Избранное | страница 8



На краю поляны стоит старый, почерневший от дождей навес для сушки шелковичных коконов. Сейчас там гнездится воронье, а прежде он был собственностью заезжего купца, старого грека. В разгар лета нанимал этот грек у местного духанщика Эремо Пиртахия богатую коляску, объезжал все окрестные деревни и за две-три недели освобождал имеретинских крестьянок от шелковичных коконов. Хоть и невыгодно было иметь с ним дело — заплатить он старался подешевле, торговался за каждую копейку, удавиться за нее был готов, зато не надо самой искать покупателя, колесить в самую жару по базарам. Мужики чуть свет в поле — на кого оставишь дом и хозяйство? Не на мальца же, которому от горшка два вершка, — такой и разбойнику дверь откроет. И где взять арбу, чтобы положить на нее три корзины коконов и повезти на кутаисский базар? «Так что не очень-то торгуйтесь, разлюбезная моя Минадора, сбавьте цену на свой товарец, — бойко тараторил веселый купец. — Не жмитесь из-за каждого пятака — быстрей избавьте себя от забот и хлопот…»
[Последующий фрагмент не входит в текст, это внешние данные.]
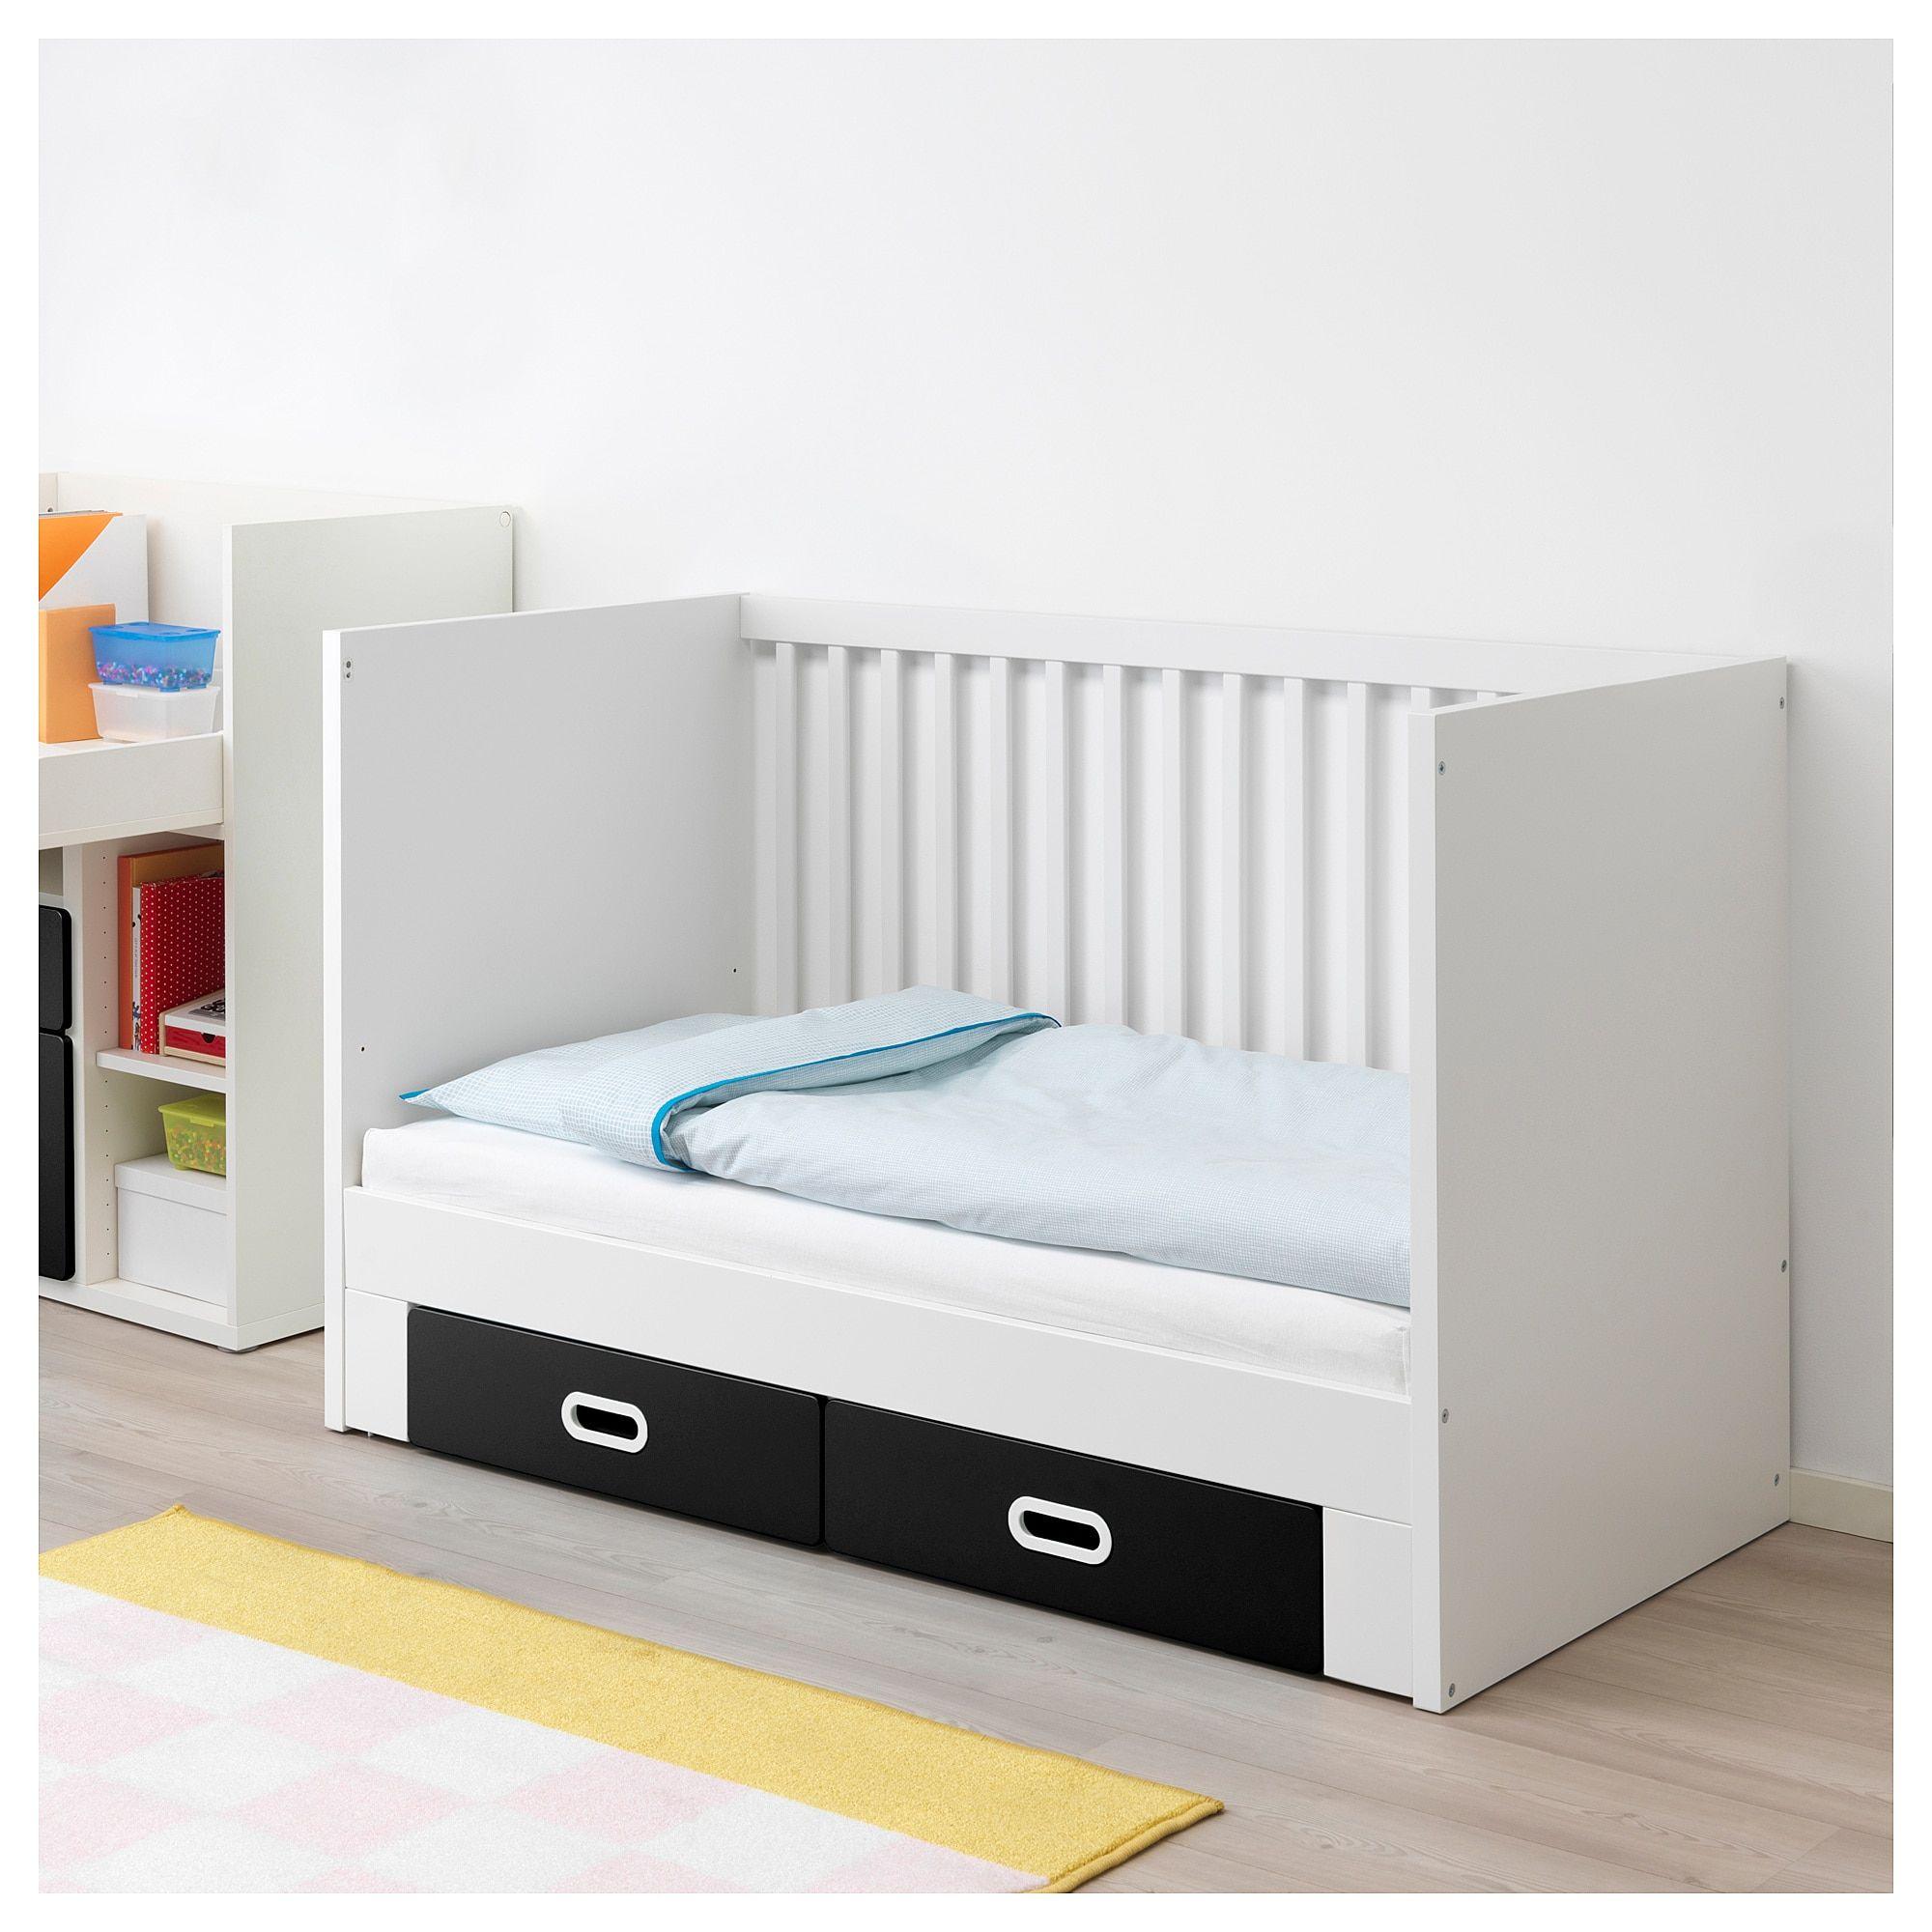 Ikea Babybett Als Beistellbett

За навесом, с той стороны, откуда в короткие зимние дни часто дует холодный восточный ветер, — сплошная стена лавровишни. Деревья густые и крепкие, их тугие, жесткие листья лаково блестят на солнце, как зеленая рыбья чешуя, а если налетает порыв ветра, они сухо потрескивают и пощелкивают, словно кто-то невидимый пересыпает среди ветвей крупные сухие орехи. Когда Дофина была маленькой, она частенько забегала сюда и, удивленно подняв брови, слушала этот странный сухой шорох.

— Эй, Меки, постой! — иногда окликала она проходившего здесь каждый день робкого угловатого подростка. — Послушай, что вытворяют листья! Они разговаривают, Меки!

Тот нехотя оборачивался на ее голос, но остановиться — ни разу не остановился: некогда было Меки Вашакидзе, работнику известного во всей Хонской волости духанщика Эремо Пиртахия, попусту терять здесь время только ради того, чтобы стоять и слушать, как «разговаривают» на ветру листья обыкновенной лавровишни. Меки всегда куда-нибудь спешил: и на мельницу ему надо было успеть, и полдник батракам в поле отнести, а то и к перевозу сбегать — там кутаисский дилижанс соскочил одним колесом с парома, как же не помочь людям!..

За деревьями белеет пыльная проезжая дорога. До перевоза она бежит вдоль реки, на том берегу, виляя, пересекает долину и устало поднимается по склону горбатой, опаленной зноем Катисцверы, то исчезая в темных тенистых седловинах, то вновь появляясь среди лиловых холмов, над которыми плавают клочья сизого утреннего тумана. Над красными черепичными крышами деревни вьются, тают розовые дымки. Роса в тихой долине Сатуриа еще не высохла. Легкий ветер колышет окрепшие, тяжелые листья кукурузы — и кажется, что их мягким веселым шелестом наполнено все это летнее яркое утро…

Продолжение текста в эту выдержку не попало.